While the adventure centers around a fetch-quest to recover this artifact for the forces of Good, the item itself is not actually detailed within the module, which feels like a major failing. Not only should it be usable in the final confrontation at the end of the adventure, but a party of 18th level characters should be considered capable of retaining it and using it themselves against the forces of Evil, rather than being expected to dutifully hand it over to their NPC bosses.

So, in an attempt to rectify that failing, here's my take on a full description of the item, so that it may actually be used and not just serve as a flagrant plot-device. [Note: I realize this item was "officially" detailed by TSR in the post-Gary era; I am intentionally completely ignoring that version.]

Crook of Rao
GP Value: 75,000

This artifact was created and left behind on the Prime Material Plane many ages ago by Rao, Flannish god of peace, reason, and serenity, who otherwise concerns himself not with the affairs of mortals. It appears to be a miniature ceremonial mace (1' long - too small for effective combat use) with a silver haft and iron head shaped as a stylized shepherd's crook. There are two star sapphires embedded in the head, and six carnelians surrounding a large topaz on the pommel. The value of the crook as jewelry alone is 25,000 g.p. As with other artifacts, it does not radiate any sort of magic. 

The crook can be used to cast a remove fear spell or cure insanity by touch. Anyone wielding the crook is immune to mental and psionic attacks and may cast a withdraw spell at 18th level effect once per day.

Any undead or Lower Planar creature (including those not normally affected by clerical Turning) struck by the crook is affected as if hit by an 18th level mace of disruption. Undead and lesser Lower Planar creatures are permanently destroyed; greater Lower Planar creatures are affected as if their material form was slain.  Once a month the wielder of crook may call upon it to summon 1-6 astral devas. 

In the hands of a lawful good cleric the disruption effect of the crook covers a cone-shaped area 6" long and 2" diameter at its base, and is usable once per round. 

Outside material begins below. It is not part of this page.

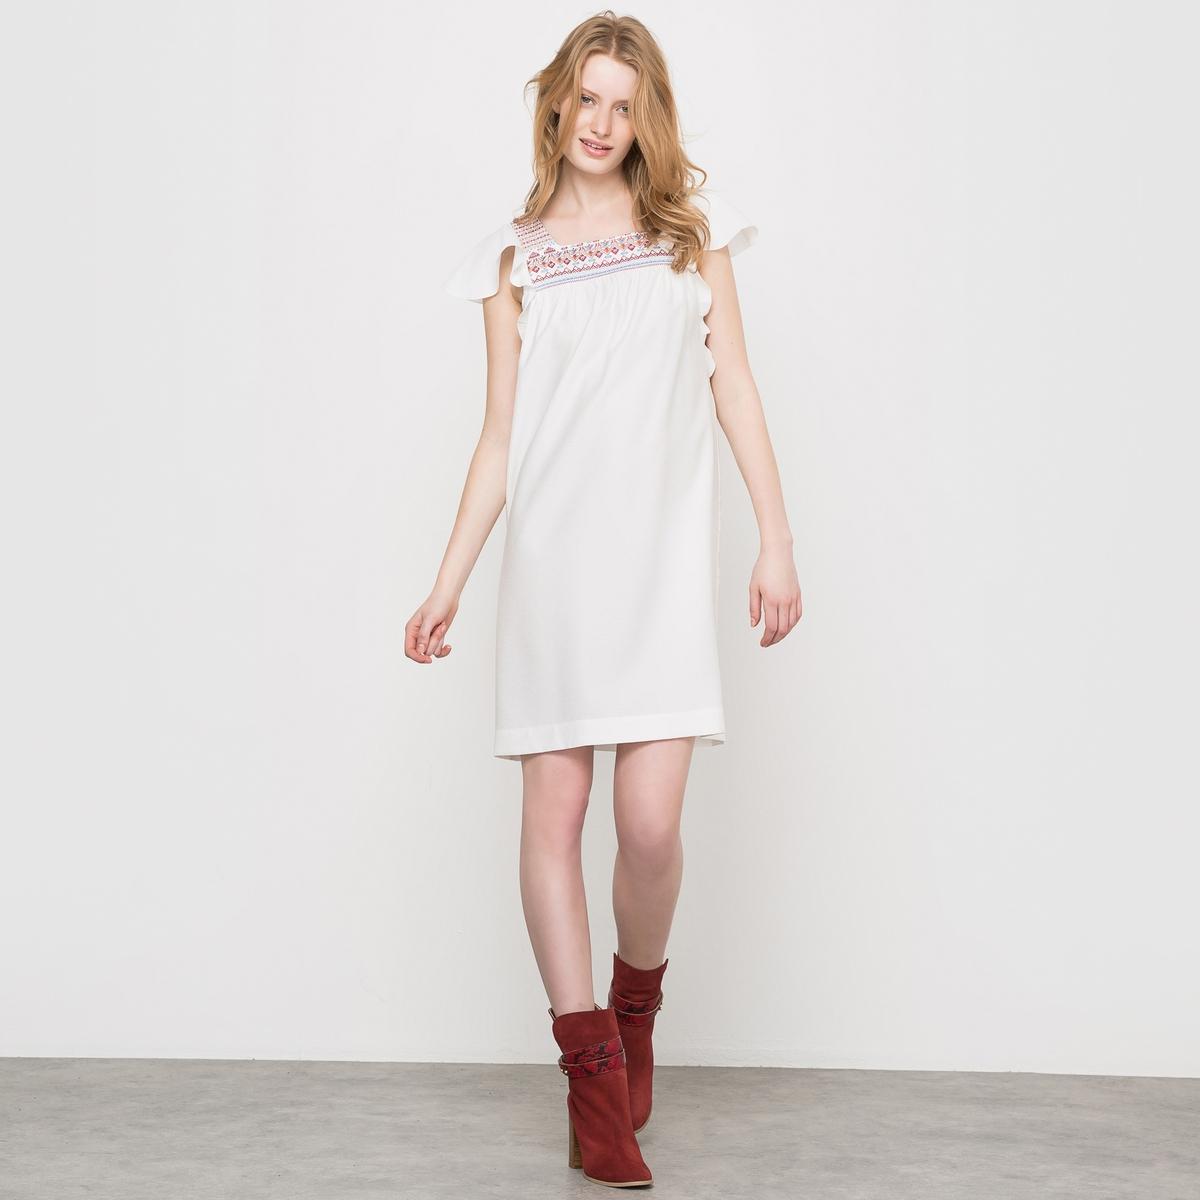 Платье в стиле бэби-долл с глубоким вырезомПлатье с глубоким вырезом. Платье в стиле бэби-долл, квадратный вырез с вышивкой. Прямой покрой, короткие рукава с воланами, складки под вышивкой спереди.    Состав и описаниеМатериал : 85% вискозы, 15% полиэстераРазмер : Длина 90 см Уход Машинная стирка при 30 °С<br><br>Цвет: слоновая кость<br>Размер: 34 (FR) - 40 (RUS).38 (FR) - 44 (RUS)
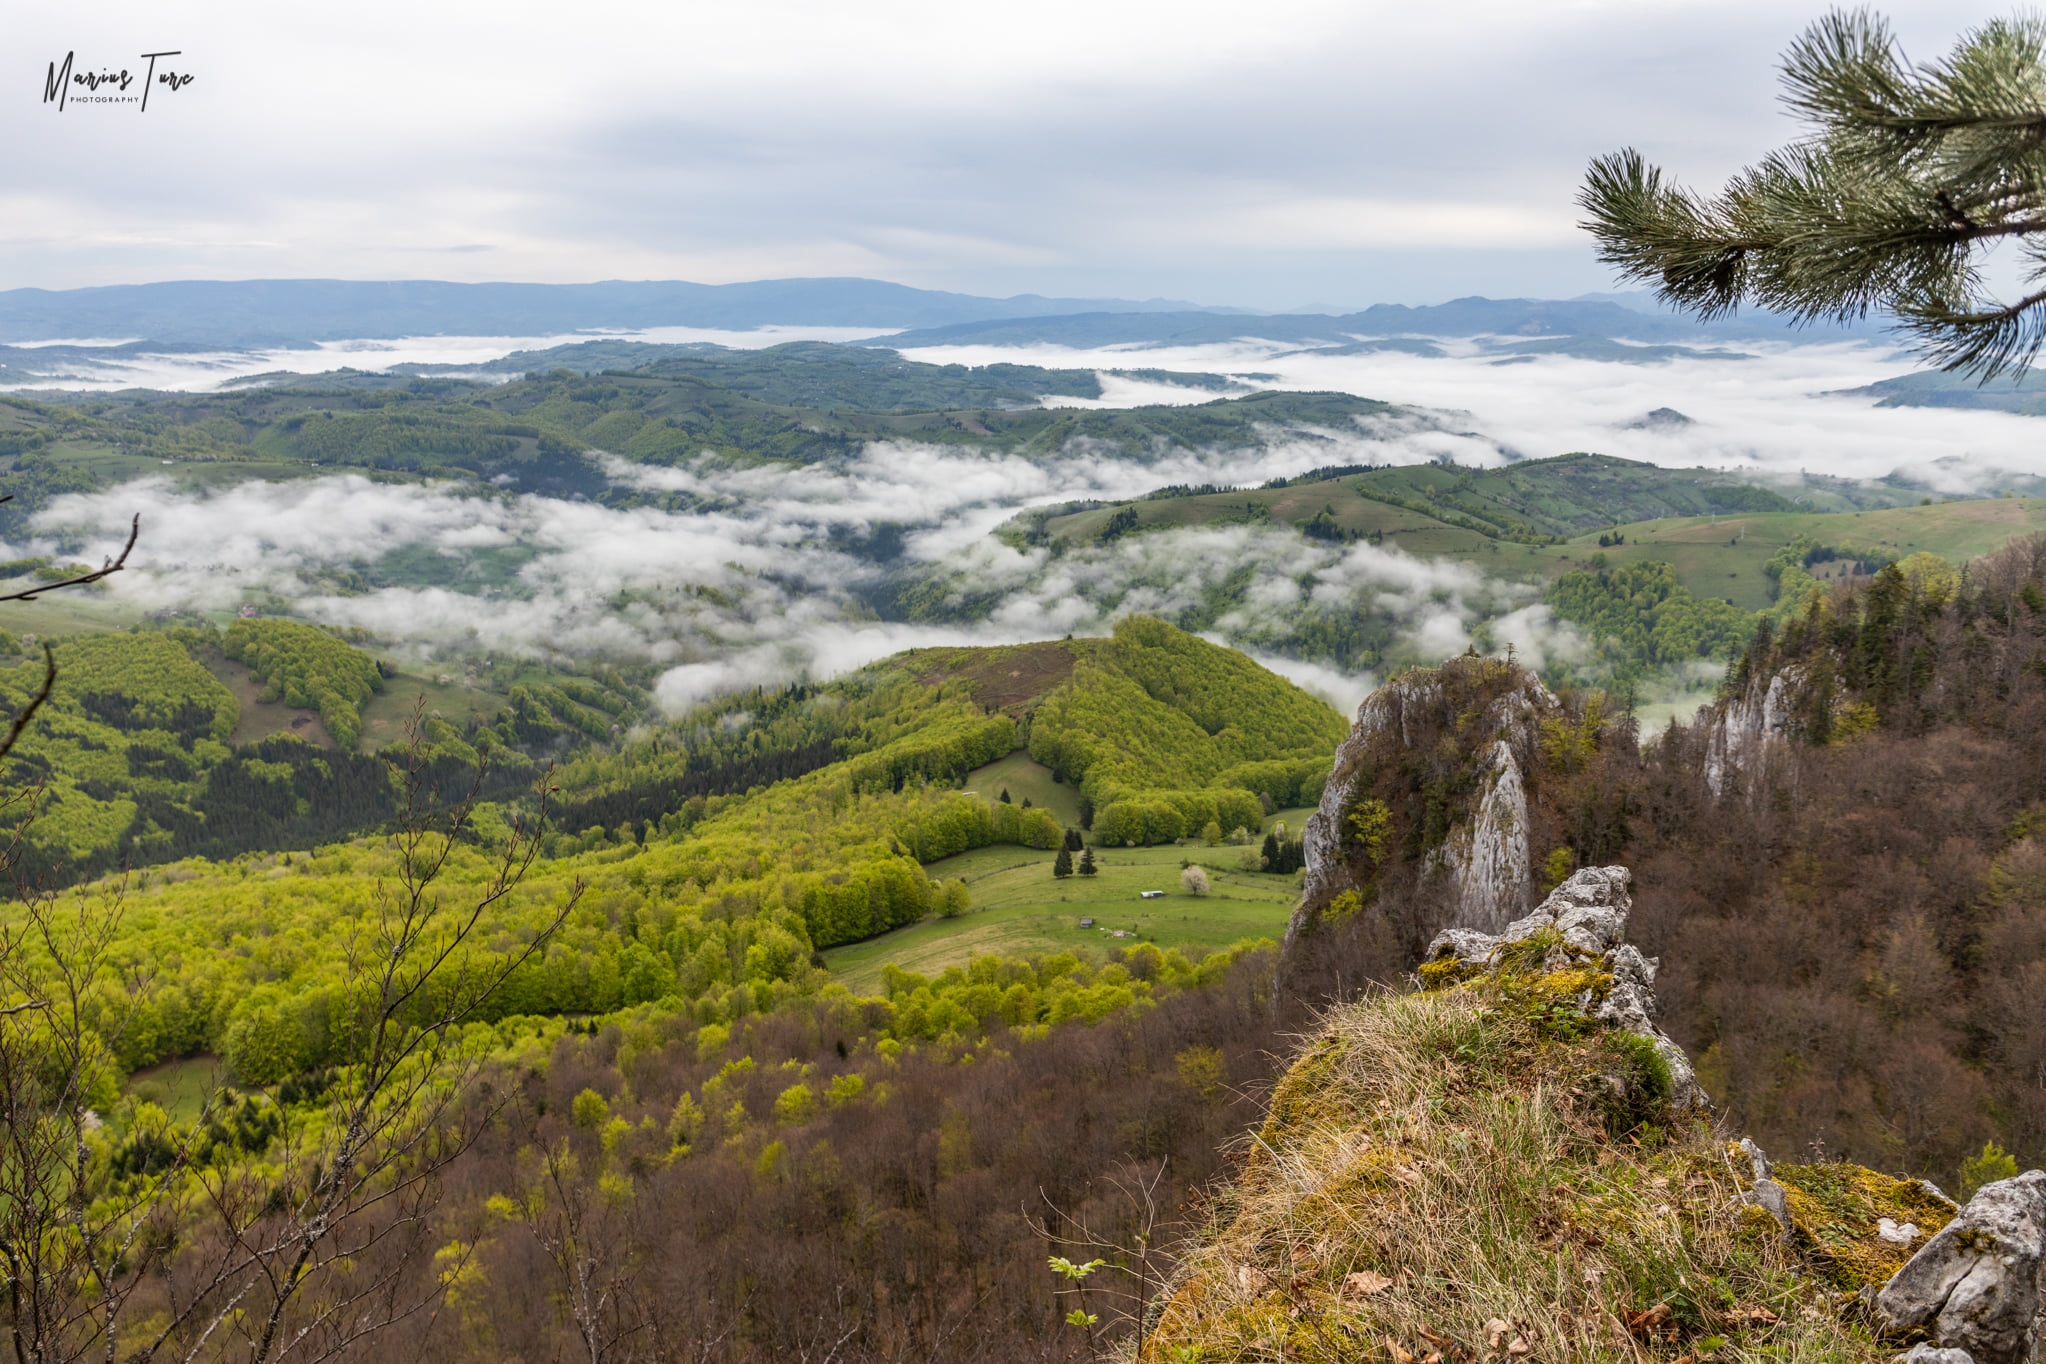 Punct de belvedere spre Valea Arieșului - Marius Turc

Any evil cleric or creature from the Lower Planes who touches the crook suffers 5-50 points of damage. Any non-lawful good character who uses any of the crook's powers must make a saving throw vs spells on each use or become lawful good. 

Activating the summoning power of the crook subjects the user to a quest to perform some task that furthers the cause of lawful good. 

Anyone who retains possession of the crook for one month or longer loses all interest in sex, and the longer the item is possessed the more serene and imperturbable its owner becomes - after three months he or she loses interest in money, after six months loses interest in family and friends, and if the crook is possessed for a year or more the owner will have no interest in anything external and desire only to to be left alone to spend the rest of his or her life peacefully contemplating the mysteries of the cosmos.